Tra i criminali nazisti riciclati dopo la guerra, Klaus Barbie è forse il caso più clamoroso. Ex ufficiale della Gestapo a Lione, fu protetto dagli americani e poi attivo in Sud America tra golpe, armi e droga. Un’inchiesta ricostruisce le sue reti e il lungo silenzio che ne ha coperto le attività clandestine fino al processo del 1987

di Gianluca Falanga©

Il processo che nel luglio 1987 condannò Klaus Barbie all’ergastolo per crimini contro l’umanità fu un evento memorabile, con conseguenze significative. Fu celebrato davanti alla Corte d’Assise del Rodano a Lione, città dove il terrore nazista da lui incarnato e scatenato aveva lasciato ferite profonde. Gli americani, che nel dopoguerra gli avevano consentito di sottrarsi alla giustizia, aiutandolo a fuggire in America latina, furono costretti a riconoscere le proprie responsabilità, confermando i dettagli scabrosi, emersi nel corso del dibattimento, circa la collaborazione del Counter Intelligence Corps (CIC) con uno dei più spietati assassini nazisti.
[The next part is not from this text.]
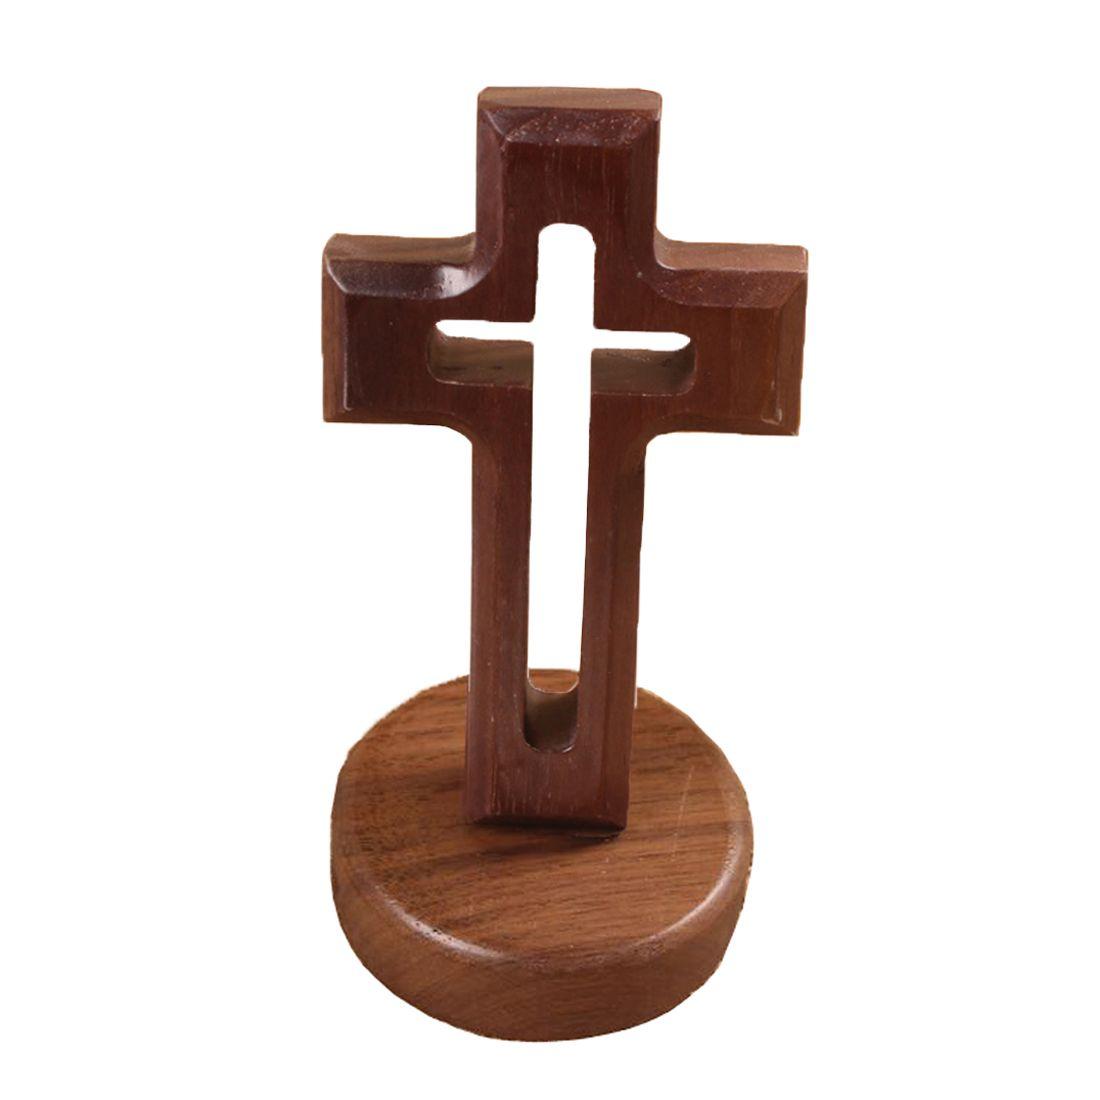 Charmant 2018 Bairuiou Wooden Cross Standing Hand Made Ornaments Jesus Christian  Church Decoration Desktop Tabletop Artcrafr For Home Decor From Bairuiou,  ...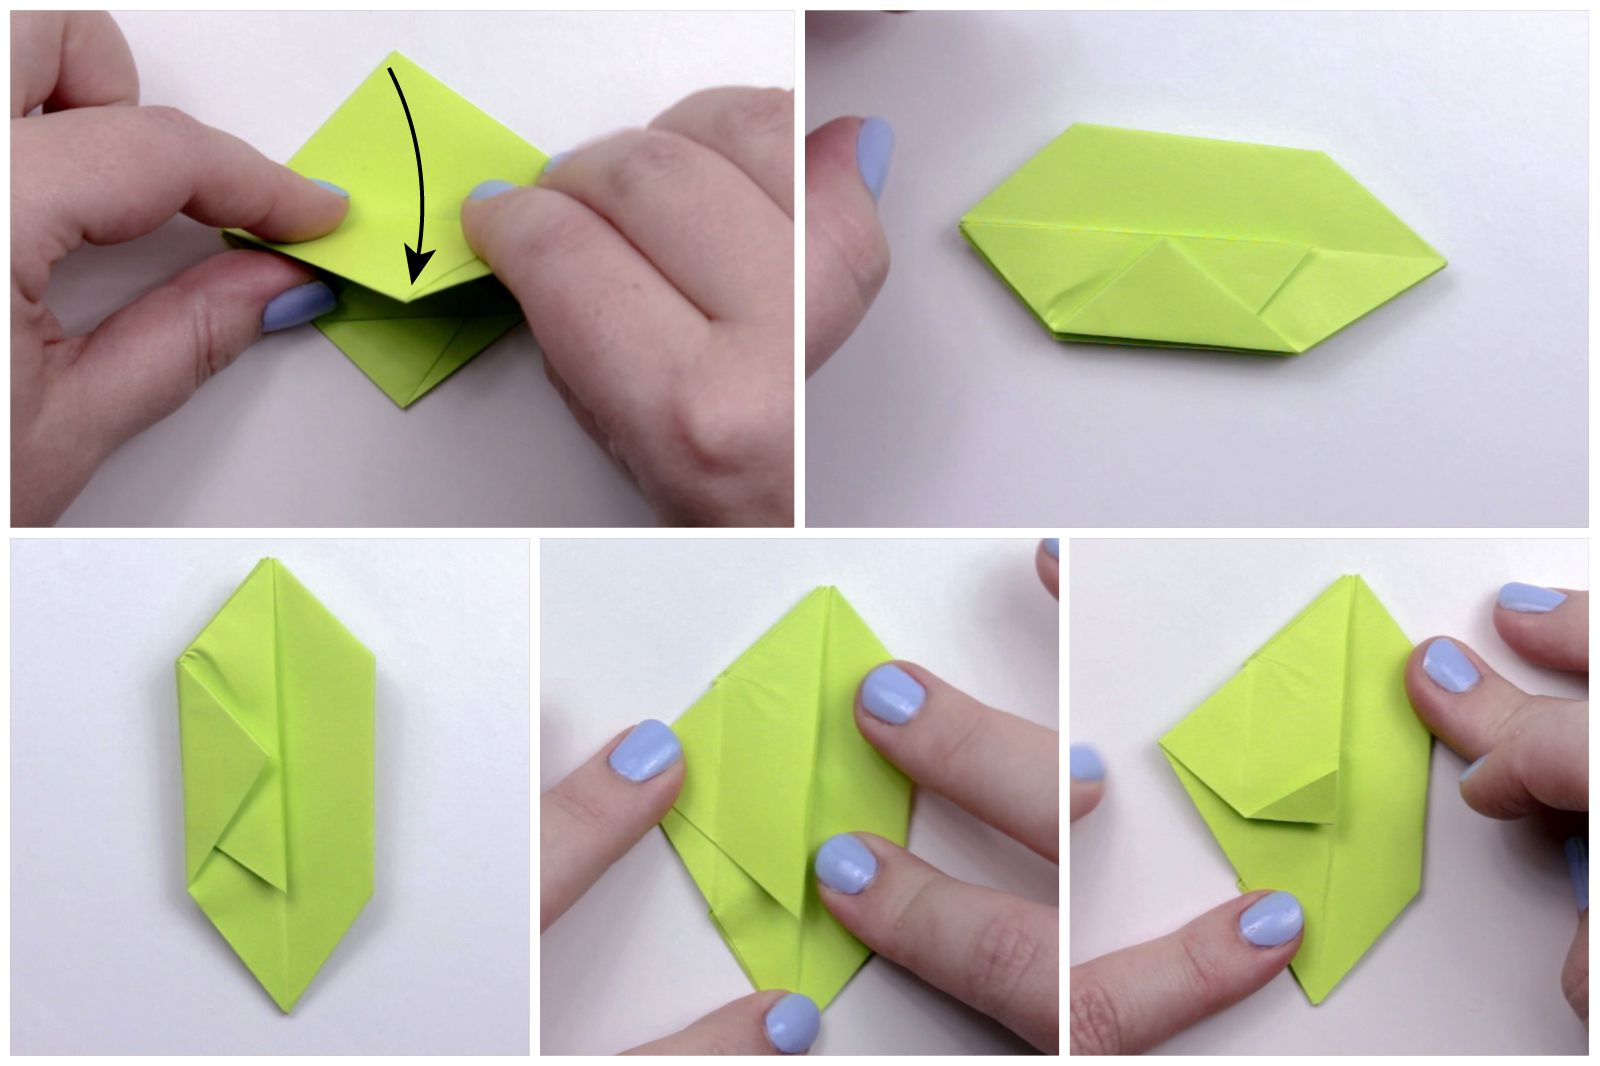 Folding the apple paper to create a kite shape.

E, circostanza piuttosto rara nella storia recente, Washington porse le sue scuse al governo francese, il cui ministro della Giustizia, fra l’altro, aveva avuto il padre ucciso a Sobibor, fatto deportare da Lione dal comandante della Gestapo: appunto Klaus Barbie, il «macellaio di Lione».

Le dimensioni dei crimini commessi da Barbie e la protezione assicuratagli dalle autorità militari di occupazione statunitensi scandalizzarono l’opinione pubblica americana, perché non solo si era aiutato a sottrarsi alla giustizia un sadico criminale, ma la CIA era stata perfettamente a conoscenza del luogo dove questi aveva vissuto per ben trent’anni, celandosi sotto falsa identità, e nulla aveva fatto per segnalarlo a chi cercava di stanarlo e consegnarlo alla giustizia.
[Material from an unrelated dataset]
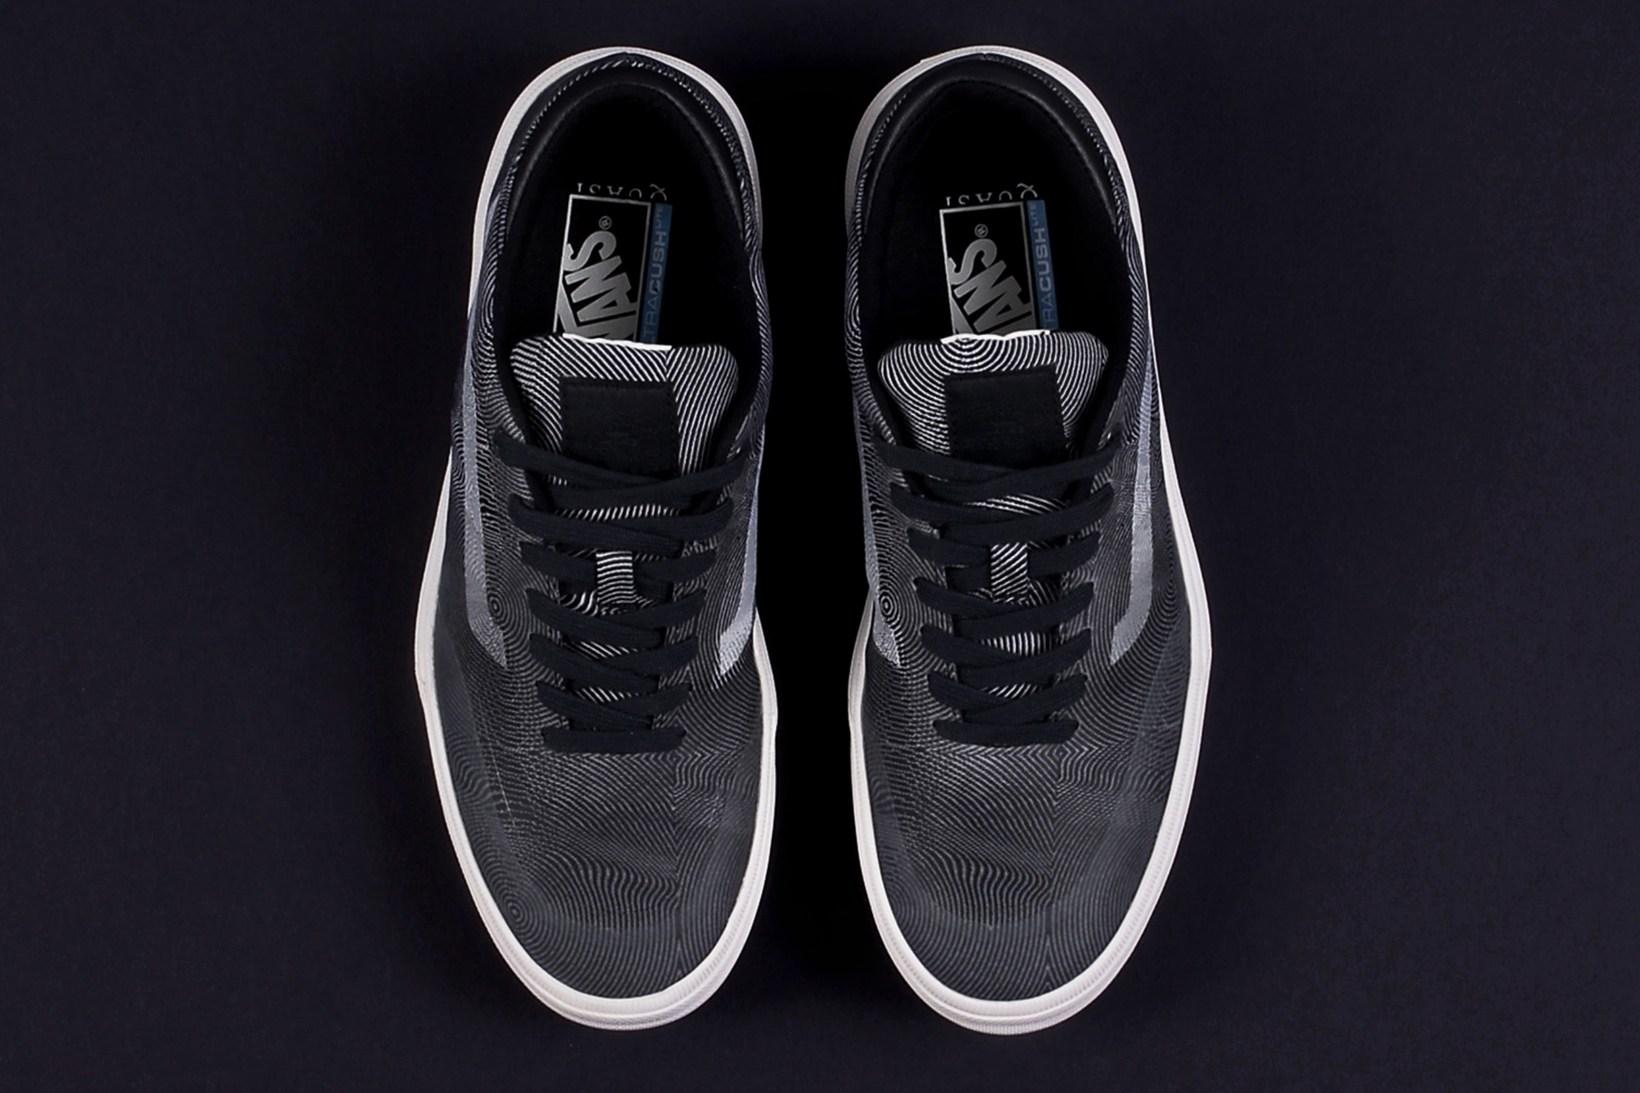 vans-pro-skate-arcad-gilbert-crockett-quasi-skateboards-5

Il tema dei rapporti fra criminali nazisti e Servizi segreti restò di grande interesse pubblico, non solo negli Usa, per tutti gli anni Novanta, al punto che il Congresso americano approvò nel 1998 lo storico Nazi War Crimes Disclosure Act, rendendo possibile negli anni seguenti la declassificazione di montagne di fascicoli delle agenzie dell’intelligence statunitensi inerenti le relazioni segretamente intrattenute con i veterani nazisti negli anni successivi alla sconfitta del Terzo Reich e all’occupazione alleata della Germania. Essendo stata l’Organizzazione Gehlen nel dopoguerra fino al 1956 una struttura incardinata nella CIA, i file americani contenevano numerosi rimandi che chiamavano in causa la Germania, la quale si vide costretta ad ammettere che anche gli apparati di sicurezza della Repubblica federale tedesca (RFT) avevano cooptato nei propri ranghi decine di «esperti» degli apparati del terrore nazista, compresi esecutori della Shoah e di altri infami crimini del regime hitleriano.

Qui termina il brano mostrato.